This course aims to equip students with the ability to express continuous and discrete-time signals mathematically. Students will gain an understanding of input-output relationships in linear time-invariant systems, perform convolution, and apply Fourier series to represent periodic signals. Students will also analyze Fourier transforms for continuous and discrete-time signals, recognizing their frequency characteristics.
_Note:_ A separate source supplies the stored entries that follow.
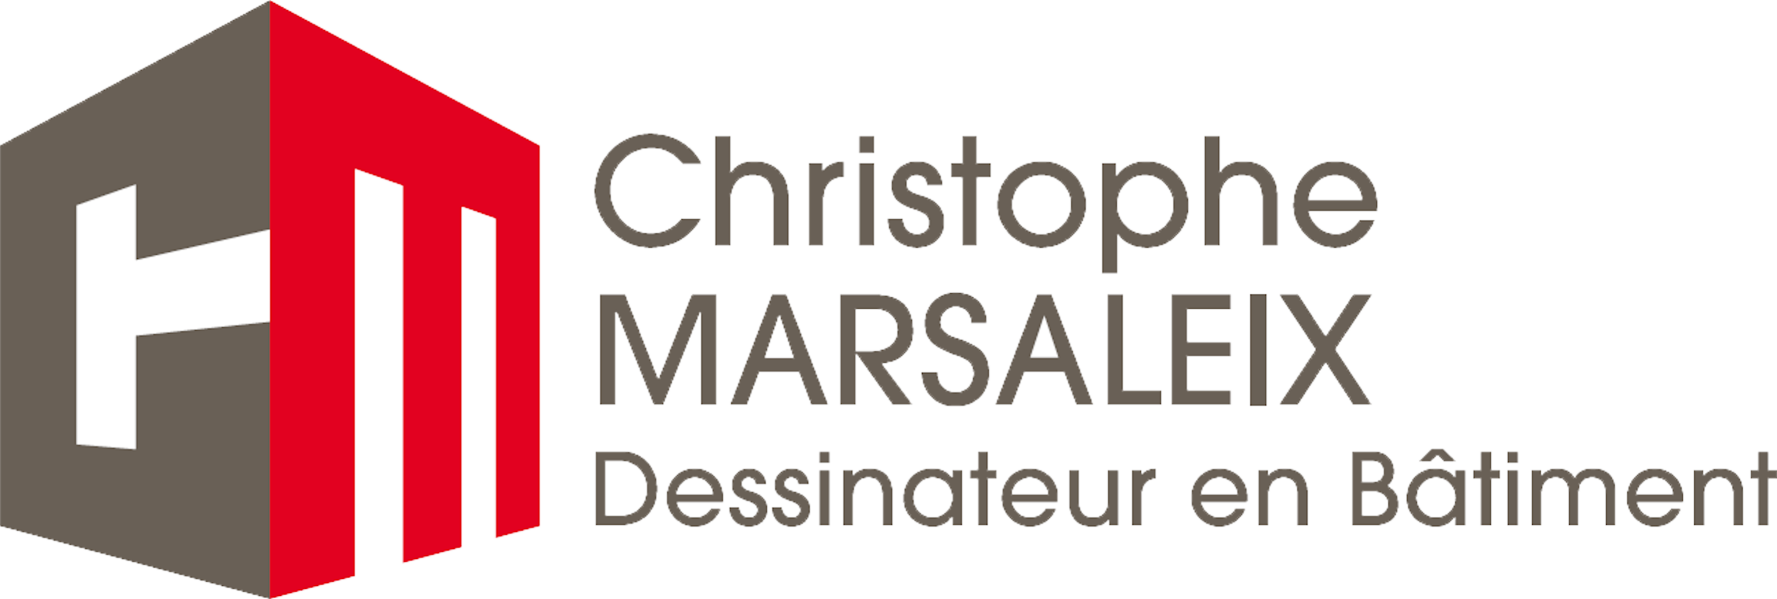 Christophe Marsaleix - CONDITIONS GENERALES D'UTILISATION (CGU)
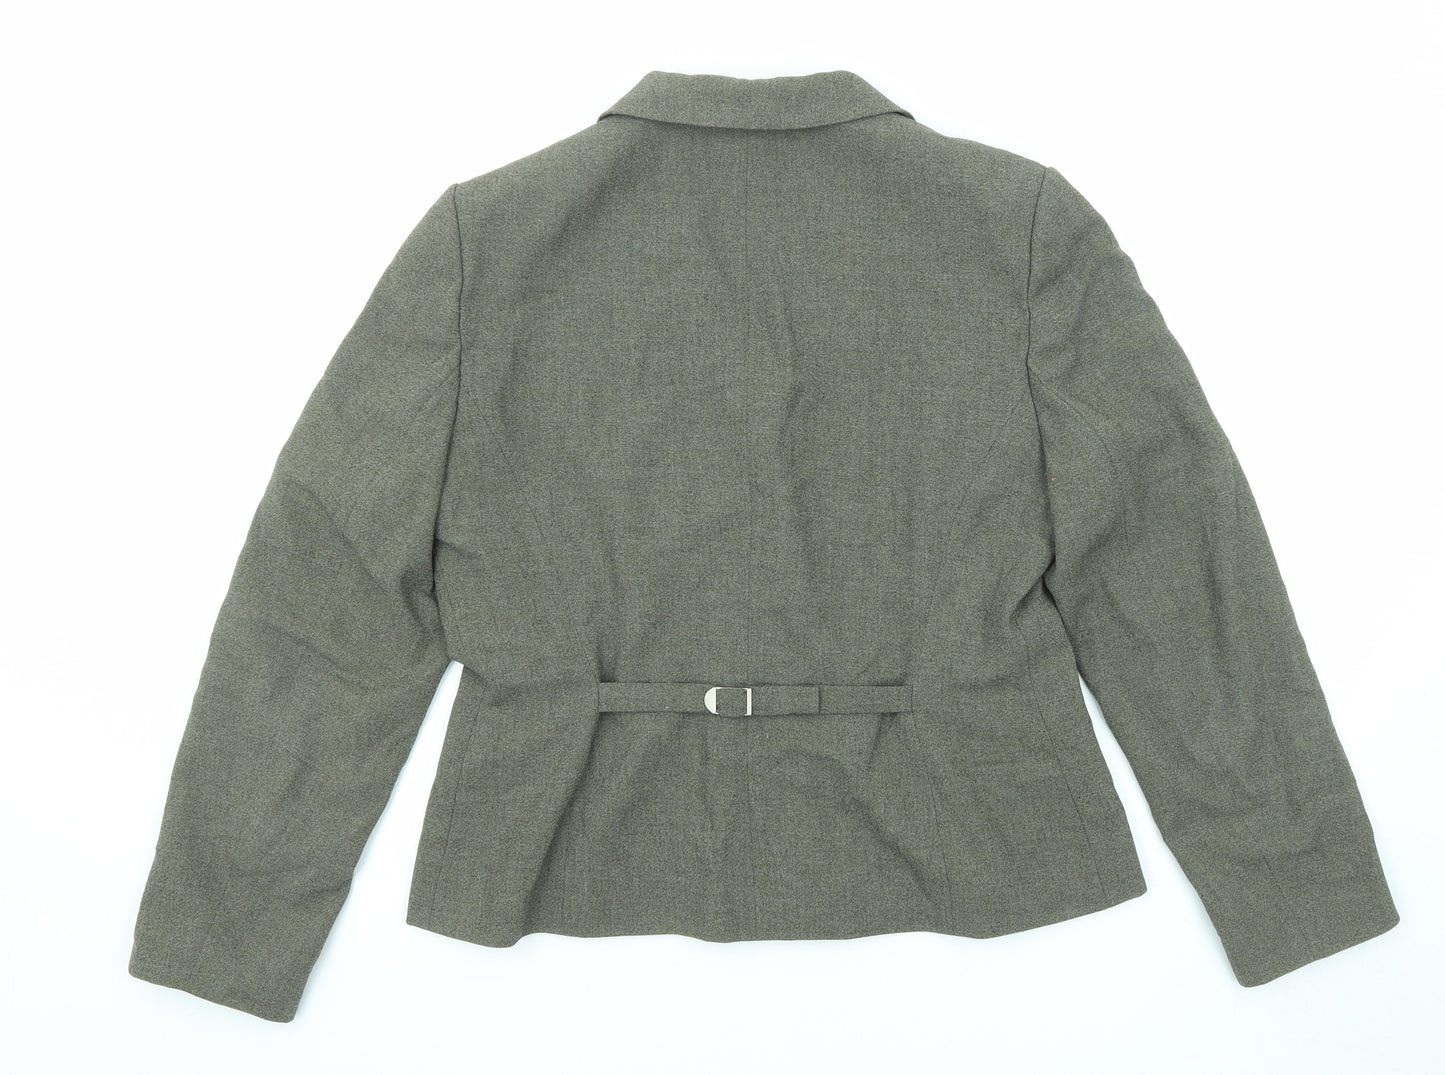 Wallis Womens Green Jacket Blazer Size 16 Button
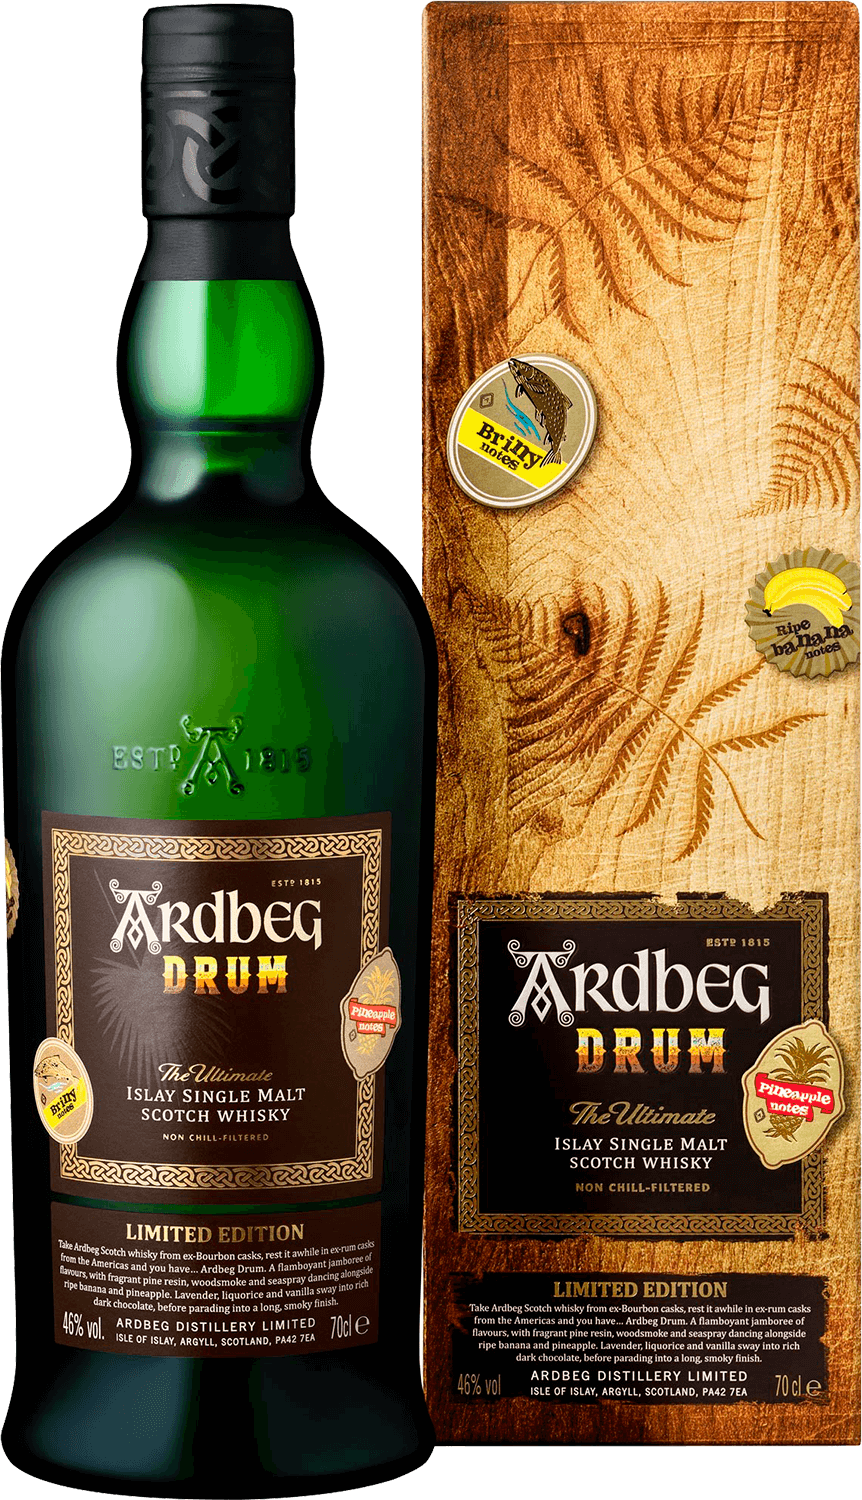 Ardbeg Drum Islay Single Malt Scotch Whisky (gift box) game of thrones house lannister lagavulin 9 y o islay single malt scotch whisky gift box
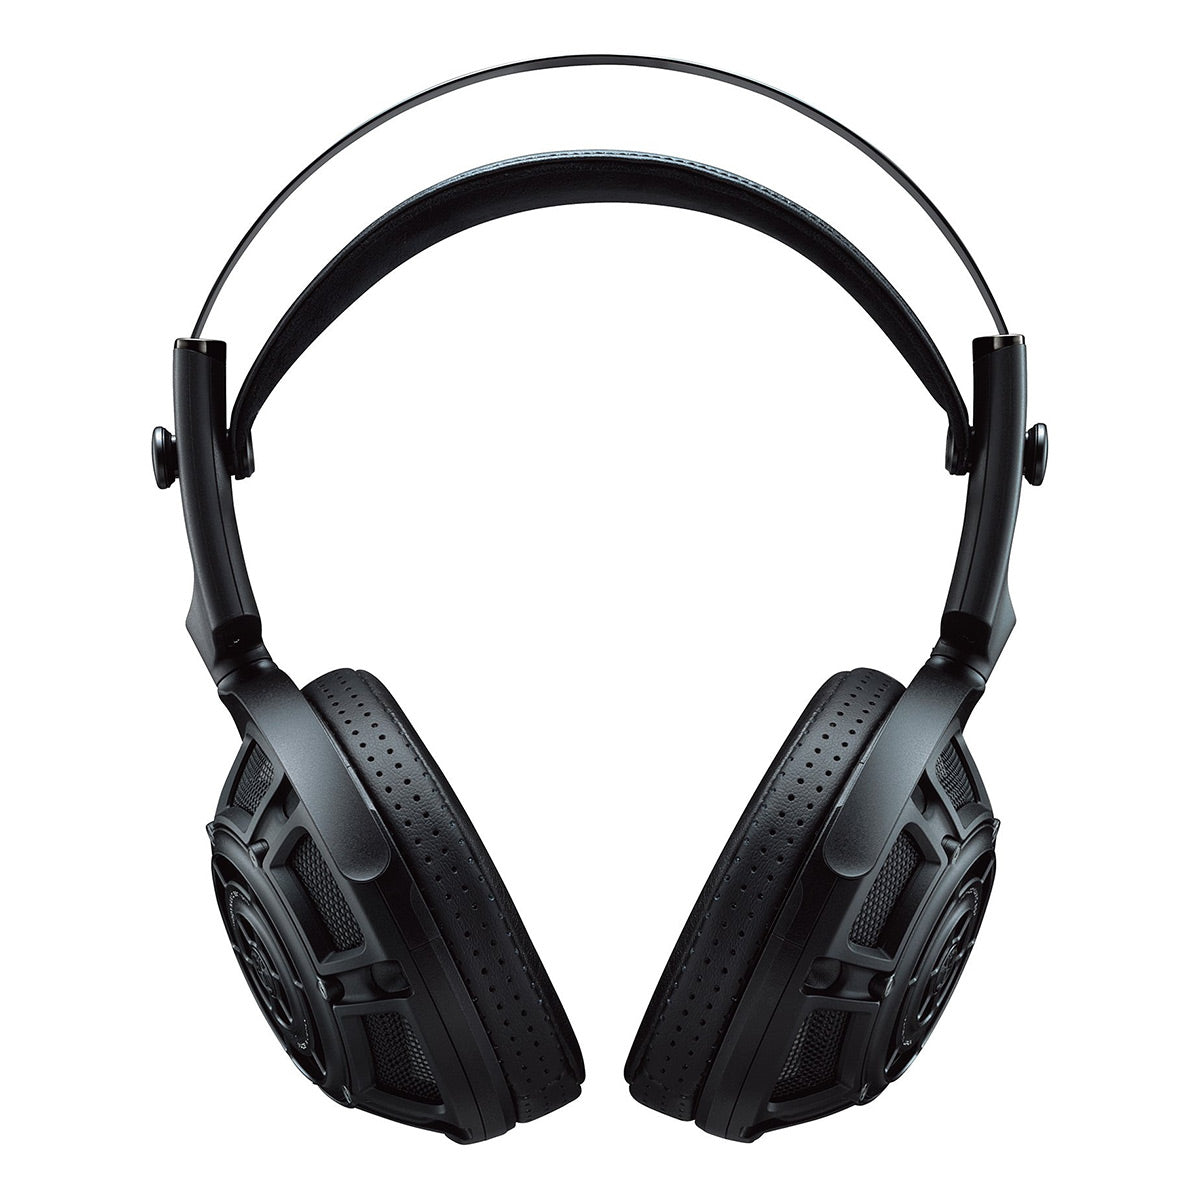 Yamaha YH-5000SE Over-Ear Headphones with Aluminum Headphone Stand

Finally students will learn to formulate conditions for proper signal sampling to prevent aliasing.
Upon successful completion of the course, students will be able to:
(1) Express the mathematical representations of continuous and discrete-time signals,
(2) Explain the input-output relationships in linear time-invariant systems and the steps needed to perform convolution,
(3) Apply the concepts of Fourier series representation to represent continuous-time and discrete-time periodic signals,
(4) Analyze the Fourier transform of a continuous-time signal, understanding its frequency content and spectral characteristics,
(5) Evaluate the Fourier transform for discrete-time signals, identifying their frequency components and spectral properties,
(6) Formulate the necessary conditions for properly sampling a continuous-time signal to avoid aliasing (sampling theorem).
(1) McClellan, J. H., Schafer, R. W., & Yoder, M. A. (2003). Signal Processing First. 2nd Edition, Pearson/Prentice Hall.
(2) Tervo, R. J. (2013). Practical Signals Theory with MATLAB Applications. 1st Edition, Wiley.